Но даже за пределами Мамы за свободу комната паники, напряжение продолжает проявляться более тонкими способами. Майкл Томпсон — детский психолог, школьный консультант и автор нескольких бестселлеров по воспитанию детей; он начал свою карьеру в сфере образования пятьдесят три года назад в качестве учителя средней школы. «За последние двадцать лет родители стали гораздо более озабочены своим воспитанием», — сказал он мне. «Родители более там. Это самая преданная, самая сознательная и самая осведомленная родительская группа на свете, но они также очень тревожны». Для этих родителей пандемия стала фабрикой беспокойства. Затем школа снова стала местом, где они не могли быть. там. «Они думают, что чем больше информации они получат, тем лучше будет школьная поездка их ребенка», — сказал Томпсон. «Этот информационный голод порой становится ненасытным. Учителя это знают. Они дают им информацию, чтобы накормить зверя». Если некоторым родителям кажется, что они получают слишком много информации, это может быть потому, что учителя реагируют на эти более широкие изменения.

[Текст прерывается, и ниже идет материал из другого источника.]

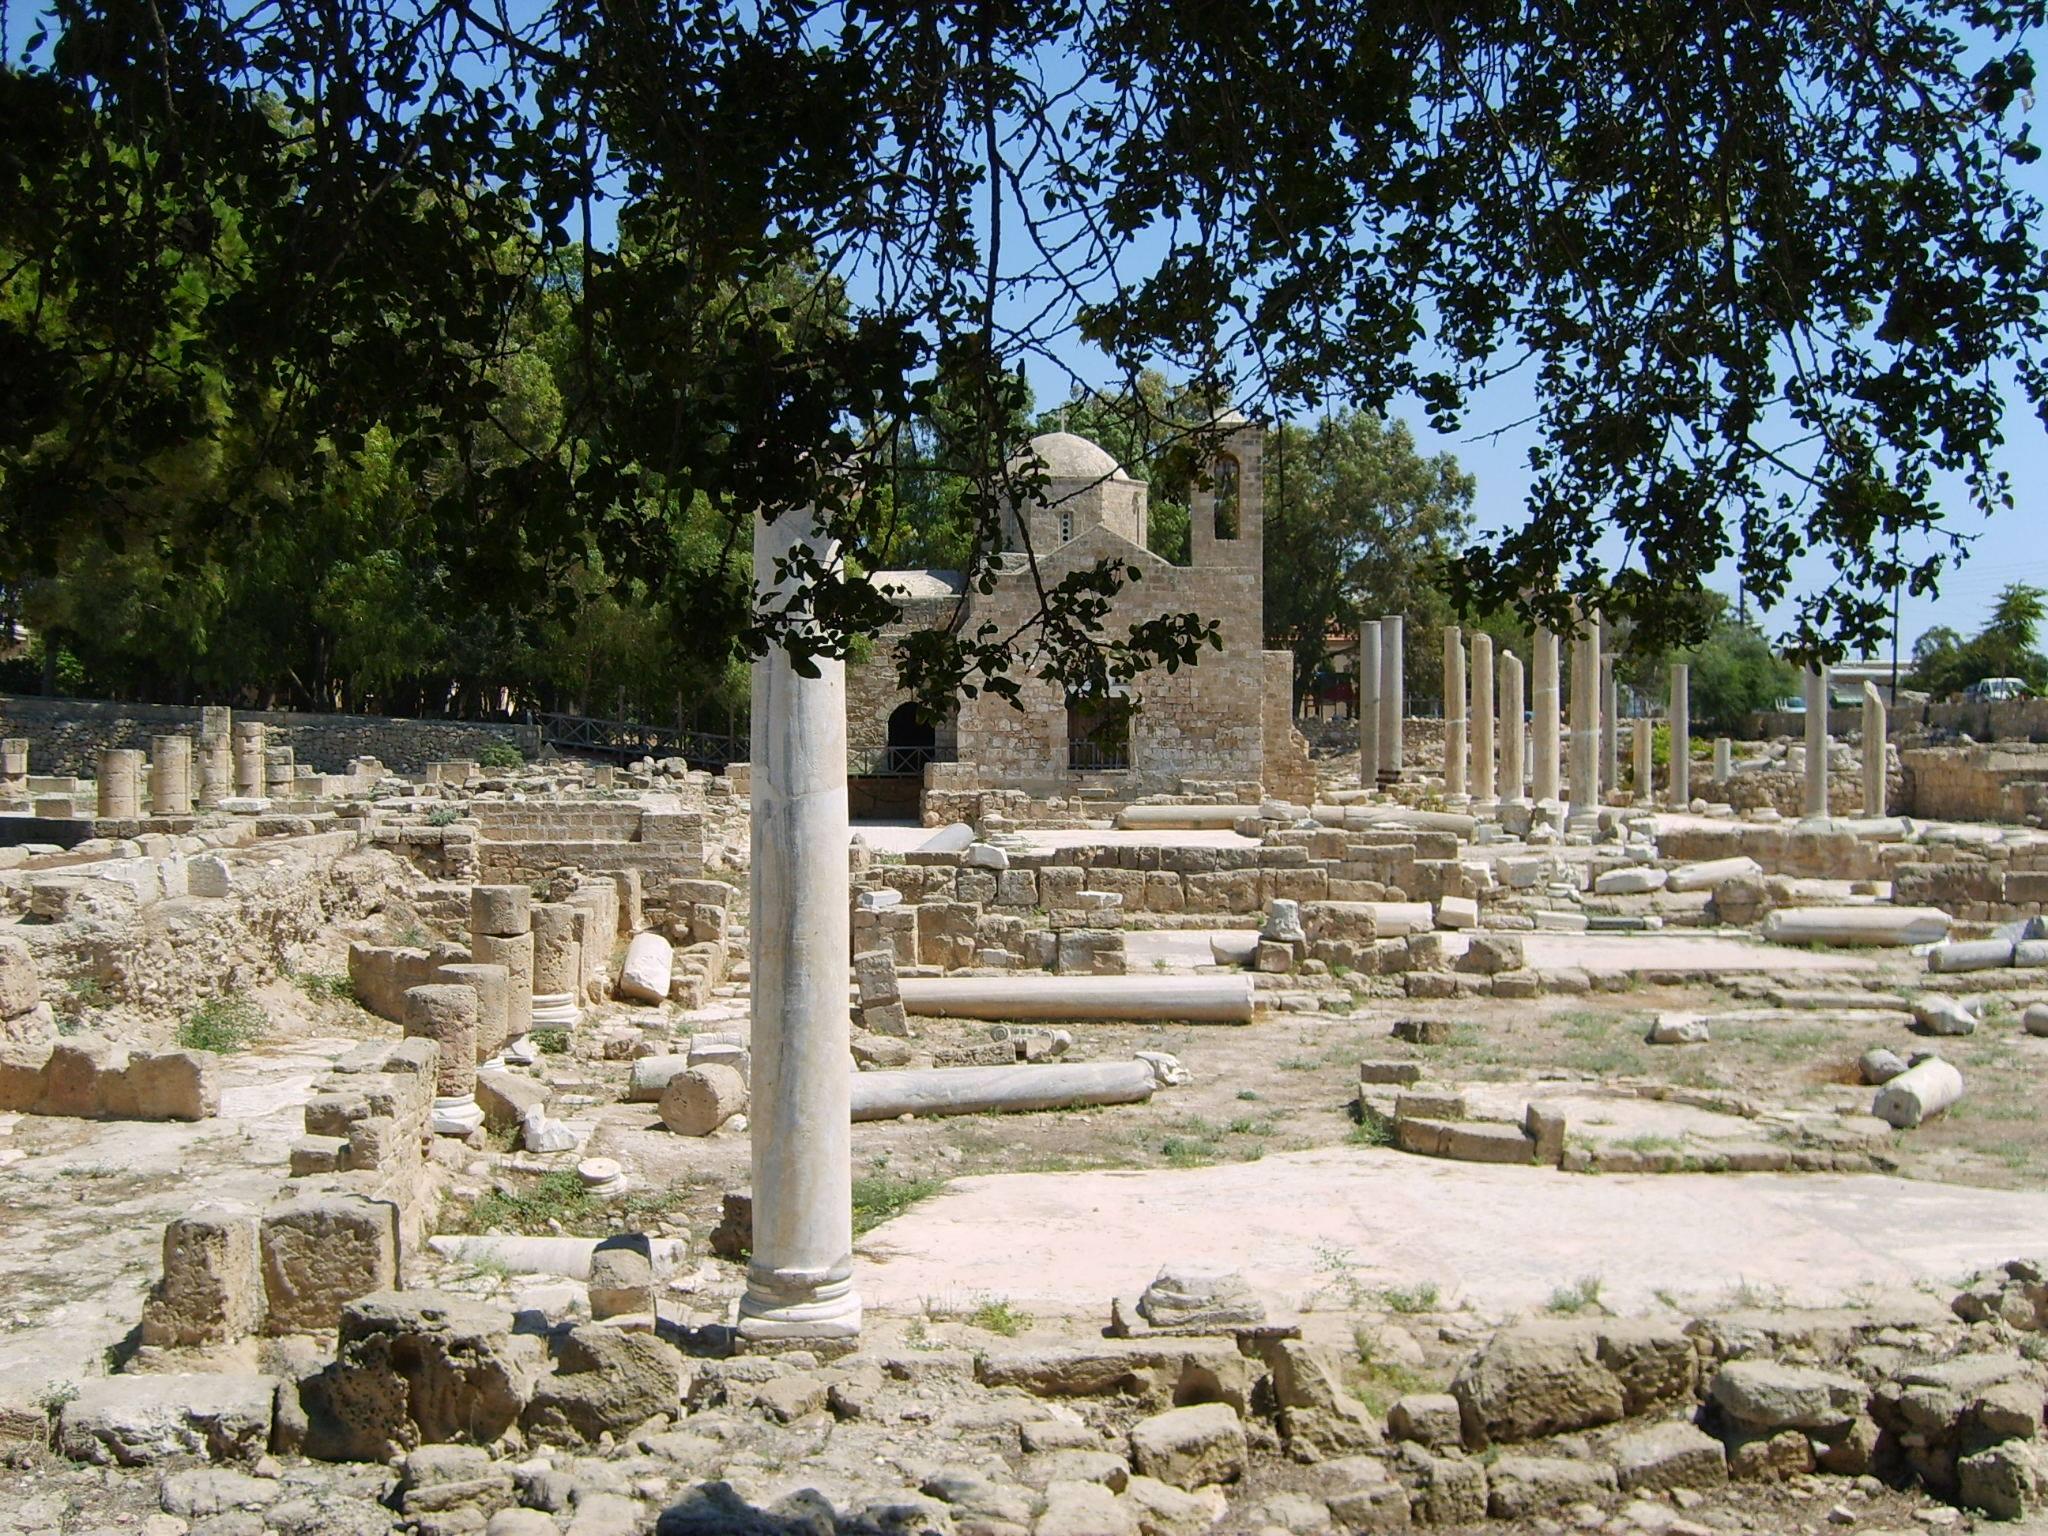 Kato-páfoszi Régészeti Park Cipruson  - ásatási terület római kori villák maradványaival és mozaikokkal, Világörökségi védelem alatt álló terület.

Томпсон легко смеется, бородатый и веселый, он выглядит непринужденно и комфортно, как если бы свитер рыбака имел докторскую степень в области образования. К моменту завершения нашего интервью я почувствовала, как и в случае с Фабером и Кингом, что он знает больше о моем сыне – или, скорее, знает больше о моем опыте как матери моего сына – чем учителя моего сына. Но я также чувствовал, что это не должно меня беспокоить: родитель из лучших побуждений может чувствовать, что он защищает своего ребенка, когда поддерживает тесный контакт с учителем, сказал Томпсон, но слишком часто «чем больше вы звоните, тем больше меньше учитель чувствует, что ему доверяют, и тем больше это разъедает отношения».

2023-09-05 10:00:00


1693918975
#Могут #ли #учителя #родители #научиться #лучше #разговаривать #друг #другом

Leave a Comment

This site uses Akismet to reduce spam. Learn how your comment data is processed.